# Trying to build up base



## ulu (Sep 19, 2012)

I'm new to cyclingl, and I'm trying to get the express program for building my cycling base. I just turned 50, and I'm already in good shape. I run, surf and climb, so I do have great cardio, core and muscle strength. I started out doing 13 mile rides 3x per week and I felt great. I am now (3 weeks later) up to 17-20 miles 3x per week, and I now find myself fatigued for a day or two after my ride. Is this a lack of base? The searches I've done here seem to indicate that recovery time is needed, and I'm looking for advice on how to best get my base/strength up quickly to allow for some longer rides. Oh yeah, the terrain here is all hills.


----------



## Gitit (Sep 5, 2012)

That's a pretty big jump in a short time. How aggressive are your rides...how long does it take you to cover 20 miles? What type of cadence do you keep? When you say fatigued for a day or two, how fatigued?

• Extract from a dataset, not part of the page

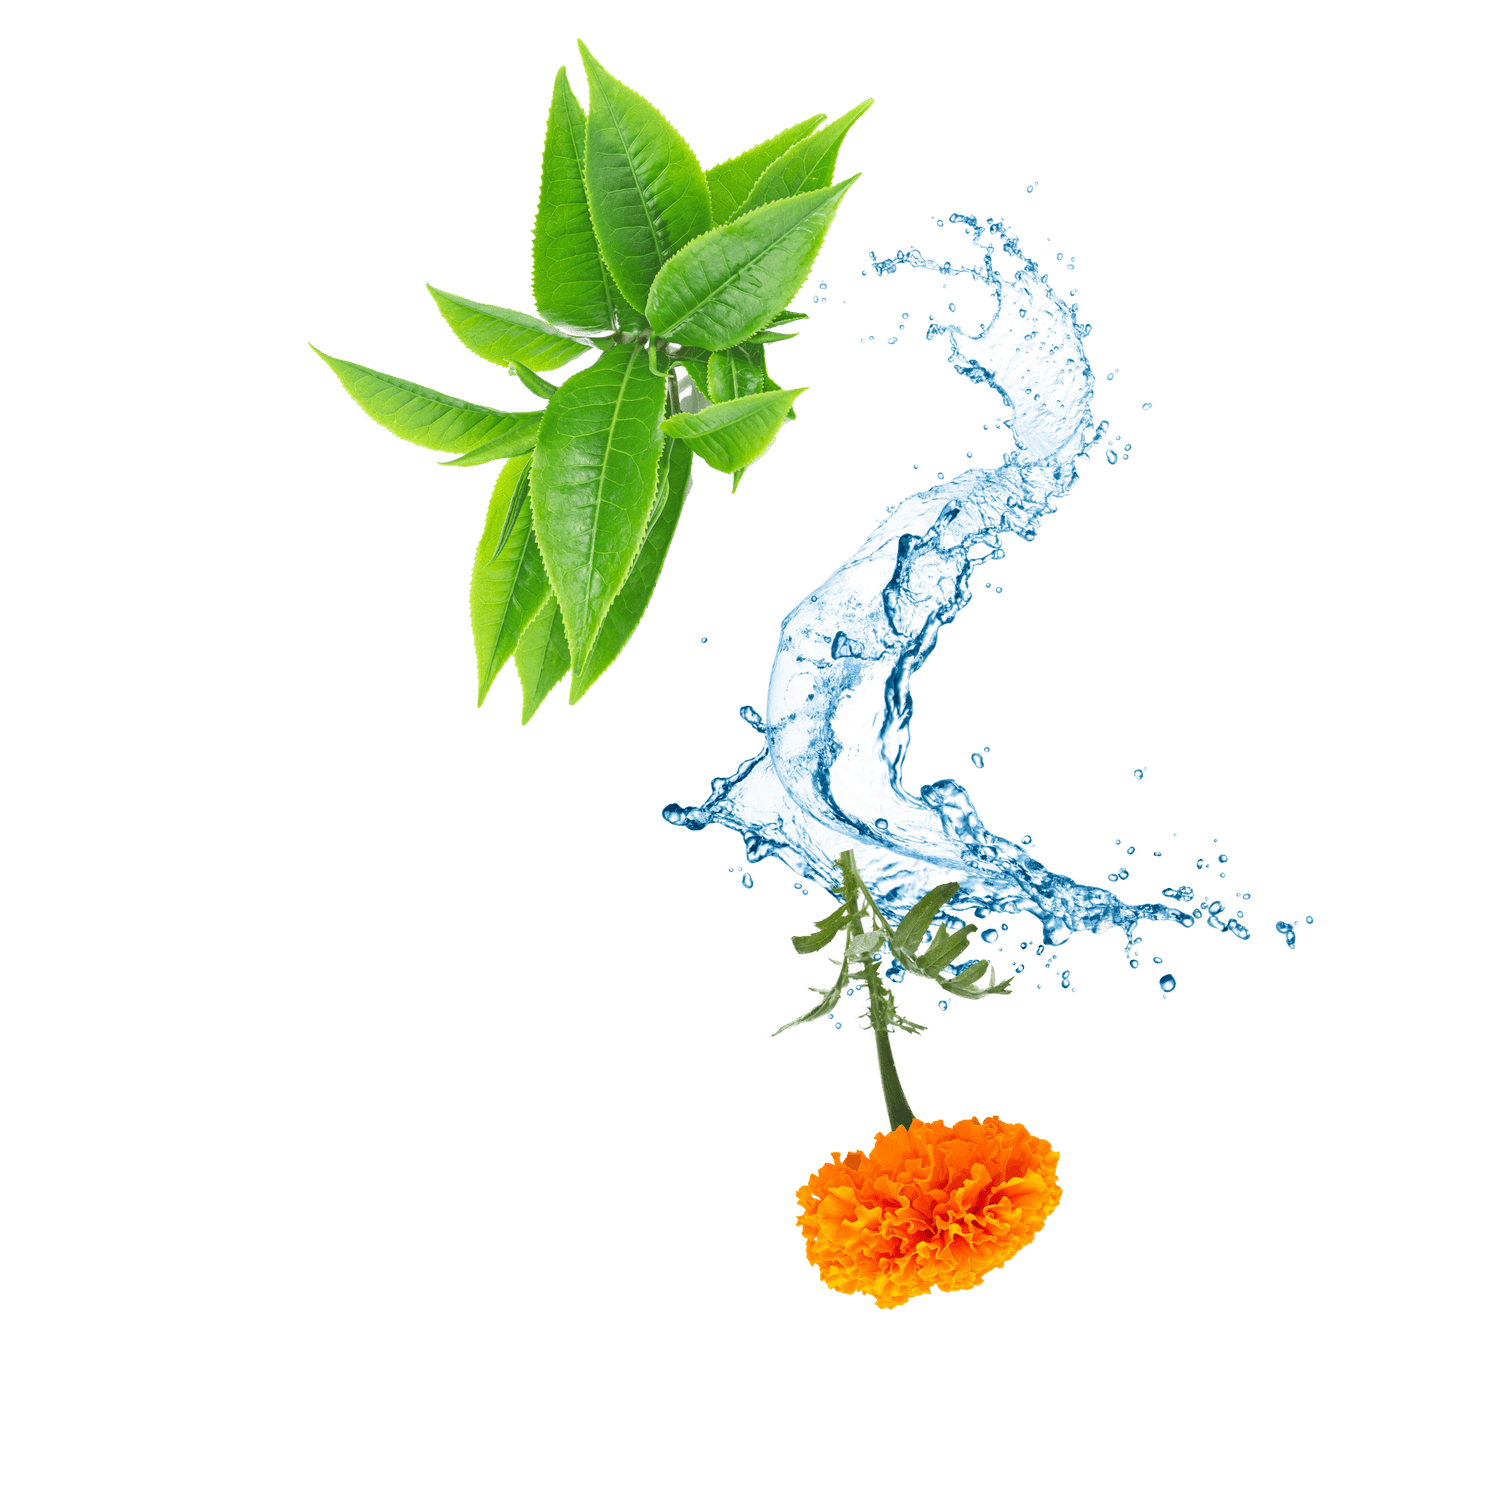 Green tea leaves, marigold flower, and a splash of water on a white background

Building base takes many months. Even though you are active in other things cycling uses very specific muscles and since you're new and doing hilly rides you're bound to feel the effects. Don't be in too big of a hurry to increase what you're doing on the bike and you'll be fine.


----------



## ulu (Sep 19, 2012)

Gitit said:


> Even though you are active in other things cycling uses very specific muscles and since you're new and doing hilly rides you're bound to feel the effects.

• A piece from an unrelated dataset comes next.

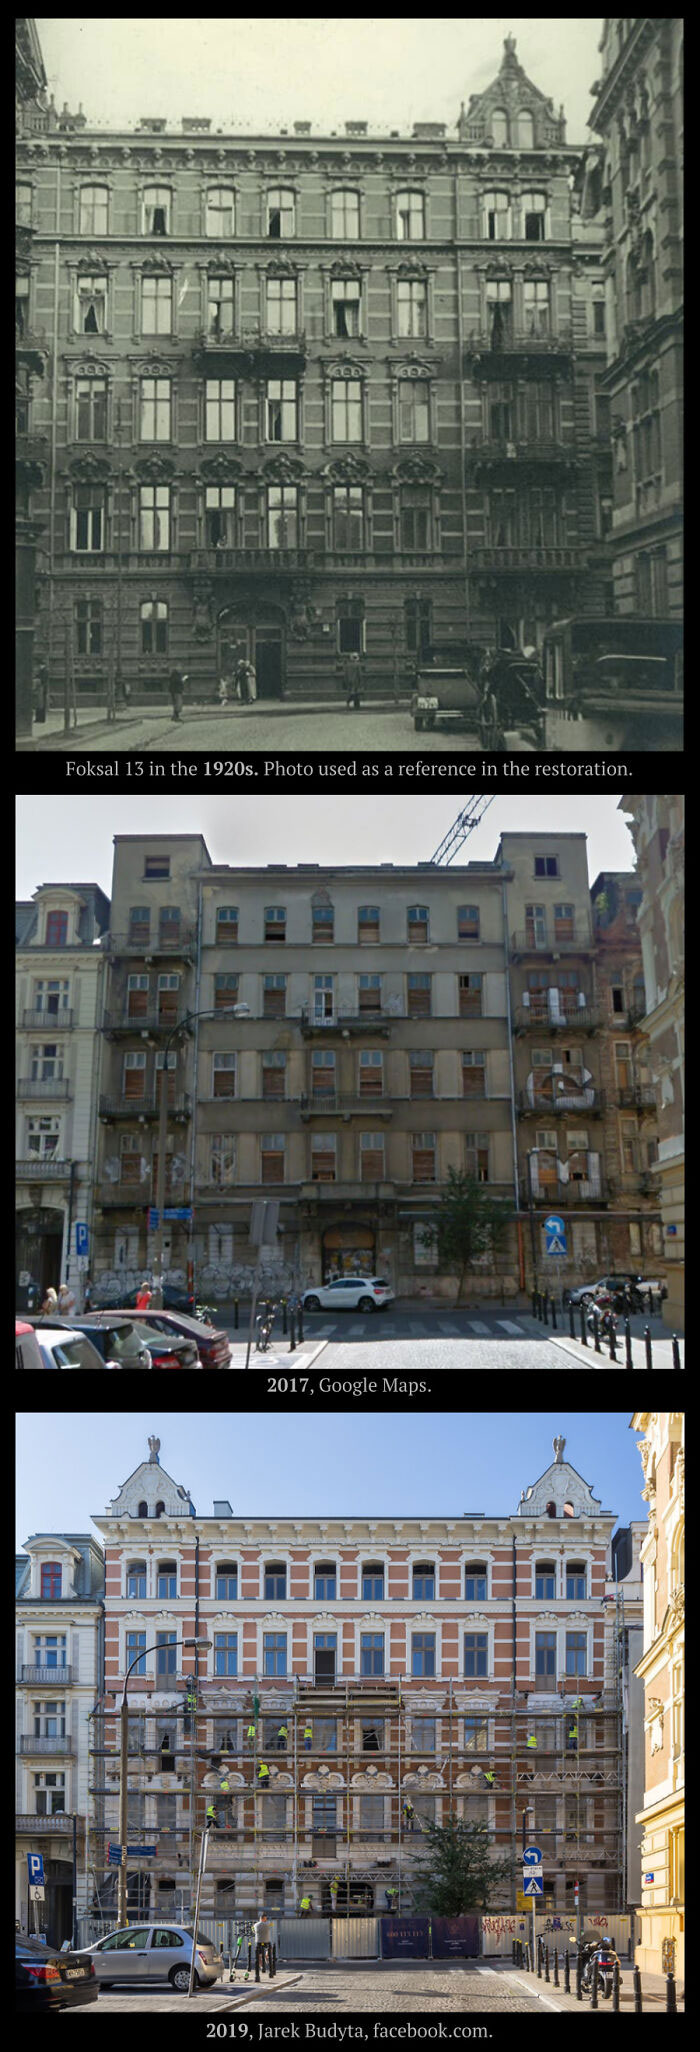 More Pictures Of The Restored Building In Poland

Man-tell me about it! I bought the bike and hit the road and bothered to do research later-I fugured it wouldn't effect me because of the running. Boy was I wrong. I'm still trying to figure the whole cadence thing out, as I watched a couple youtube videos and tried to find a comfortable cadence and keep with it. Here is my recorded track from yesterday's morning ride:

Total distance: 30.36 km (18.9 mi)
Moving time: 1:26:17
Average moving speed: 21.11 km/h (13.1 mi/h)
Max speed: 49.53 km/h (30.8 mi/h)
Average moving pace: 2.84 min/km (4.6 min/mi)
Fastest pace: 1.21 min/km (1.9 min/mi)
Max elevation: 169 m (555 ft)
Min elevation: -31 m (-102 ft)
Elevation gain: 426 m (1399 ft)
Max grade: 14 %
Min grade: -9 %
Recorded: 09/26/2012 5:53am

I'm sure it is noobish, but I was pooped all day. Also, I was wrong earlier-I am on my 2nd week of cycling.


----------



## Mike T. (Feb 3, 2004)

You're doing way too much too soon Ulu. It matters not how you compare to others or what you expect, it just matters how you compare to you.

Rule-of-thumb - increase no more than 10% per week, whether that be miles per ride, miles per week or time spent. I'd suggest backing off to 45 mins to one hour rides and working up from there.

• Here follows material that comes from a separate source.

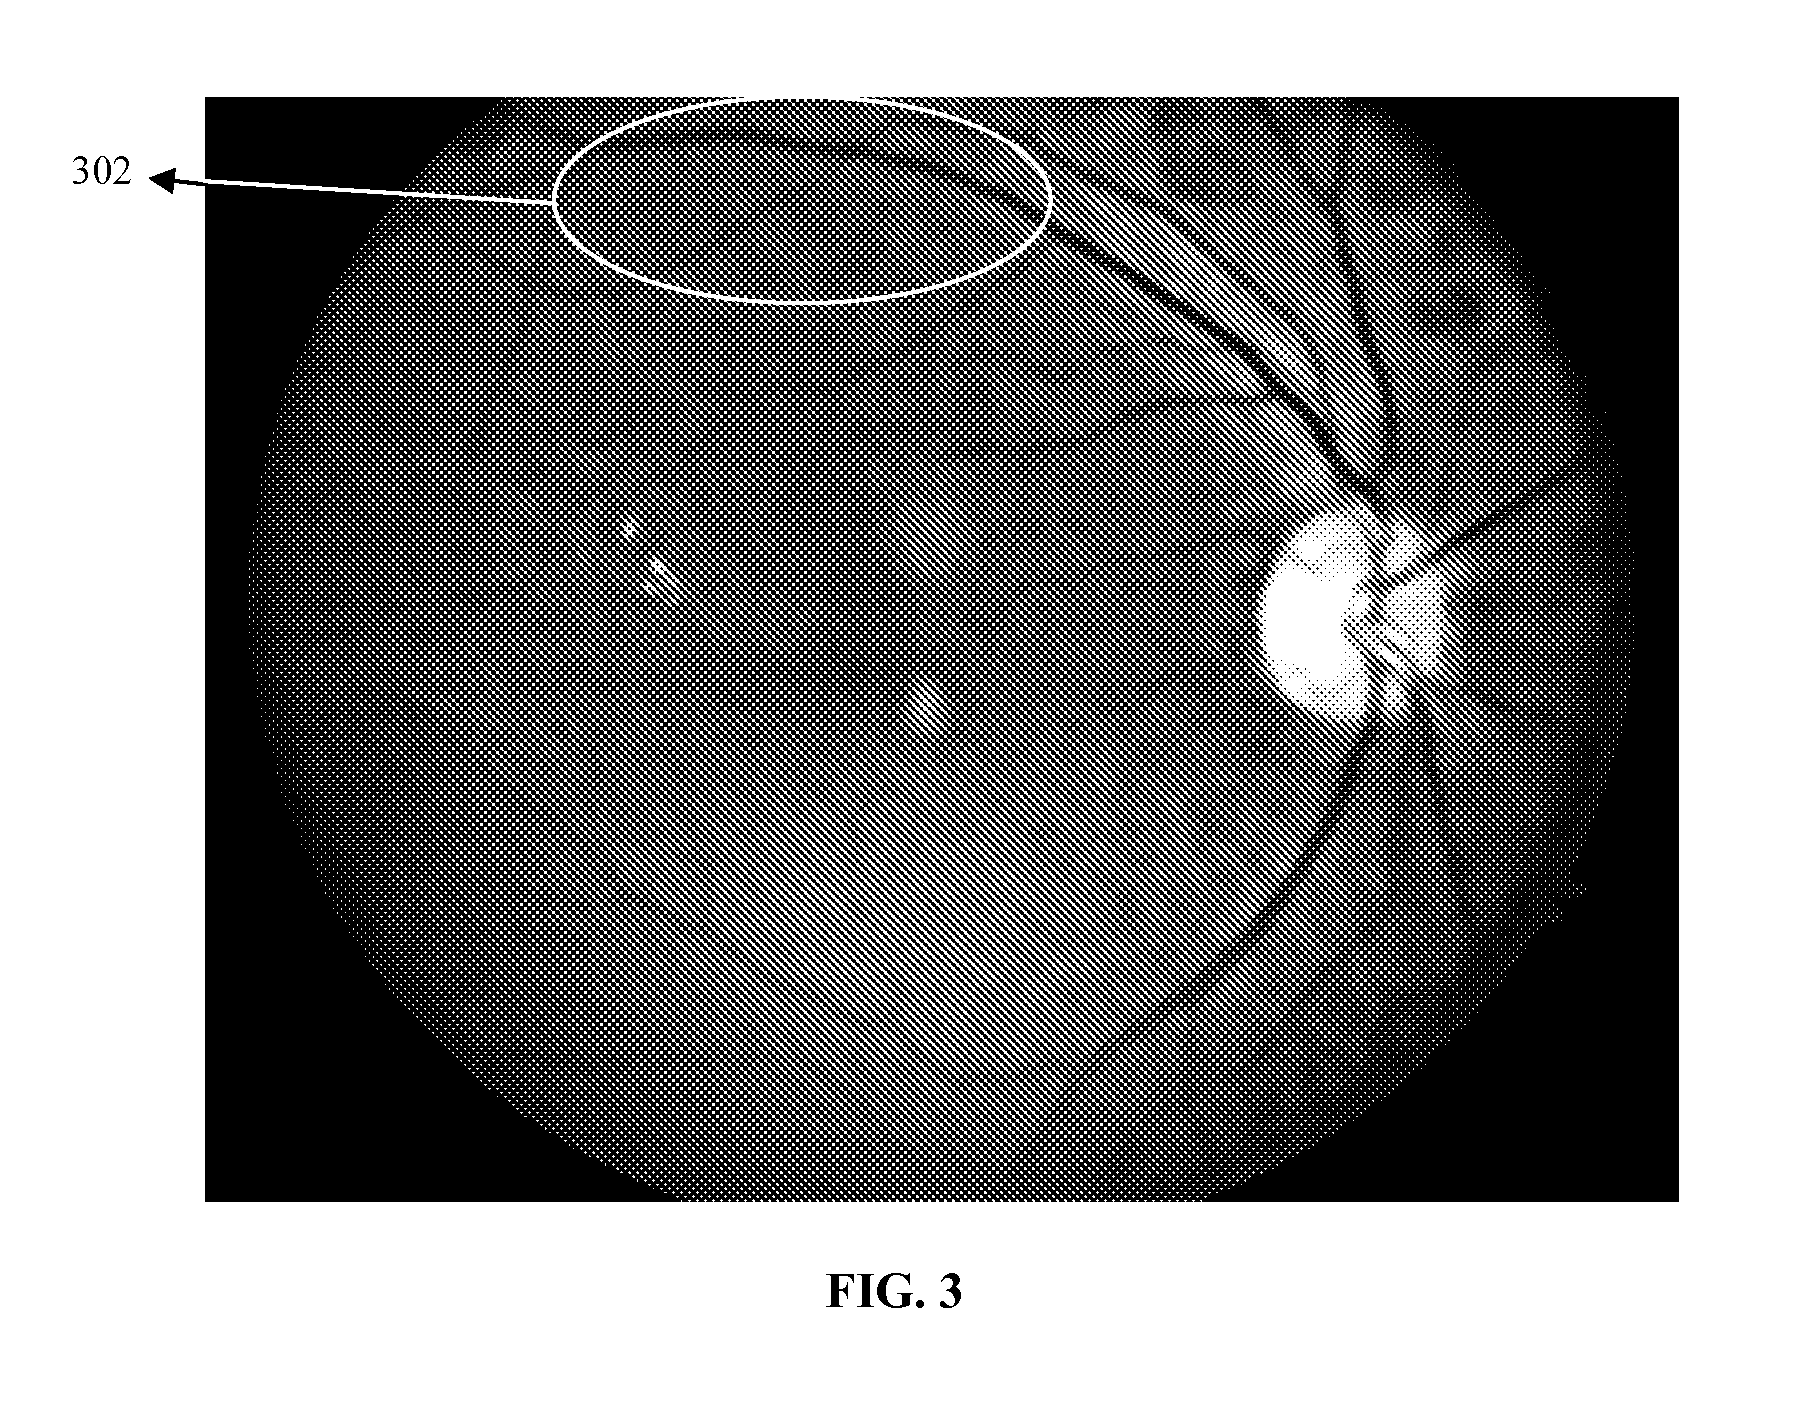 Method and system for enhancing image quality

You're right about recovery - we only adapt to the stress during recovery and to apply the stress again before we're completely recovered means sliding backwards. I'd suggest taking two recovery days between each ride. If you still feel pooped when you ride, go home and take another day. This can't be faked or rushed.

You say it's all hills - learn to spin up the hills in low gears. The strength will come. If you don't have low enough gears to spin up the hills then get lower gears.

After a few months and when you're not feeling fatigued from the riding, progress to one day's rest between rides with at least a two-day rest per week or a three-day.

I've been doing this sport for 50 years and I could train daily at one time but I'm back to 1, 2 and 3 day rests in the week now. More is not always better Ulu, sometimes less is better and *smart* is always better.

Edit - I was just thinking about your situation while out on my ride today - on your hills, don't go into the red zone or you will be severely eroding what little power you have. You must ride the hills well within your capabilities. Your rides should be at "conversation" pace - at the intensity where you can hold a conversation with someone or sing to yourself. Ride at this intensity until you have built a fitness base. You'll know when this time comes. Then start to include some harder efforts. Increase them very gradually. More isn't better.


----------



## ulu (Sep 19, 2012)

Thanks-that sounds like sound advice. I have been riding with only one day off, so that must be what's behind the fatigue.


----------



## Mike T. (Feb 3, 2004)

ulu said:


> Thanks-that sounds like sound advice. I have been riding with only one day off, so that must be what's behind the fatigue.


Absolutely. I feel at my best when I have had 4 days off. I don't ever plan a 4-day rest but when they happen I just fly up the road at the start of my ride. Everything is healed; adaptation has taken place. Riding every 4th day isn't realistic as gains can't be made with so little riding but they sure are good for recovery. A planned one (every 3rd or 4th week?) would not be a bad idea. Due to weather, commitments and other factors I don't have to plan them.


----------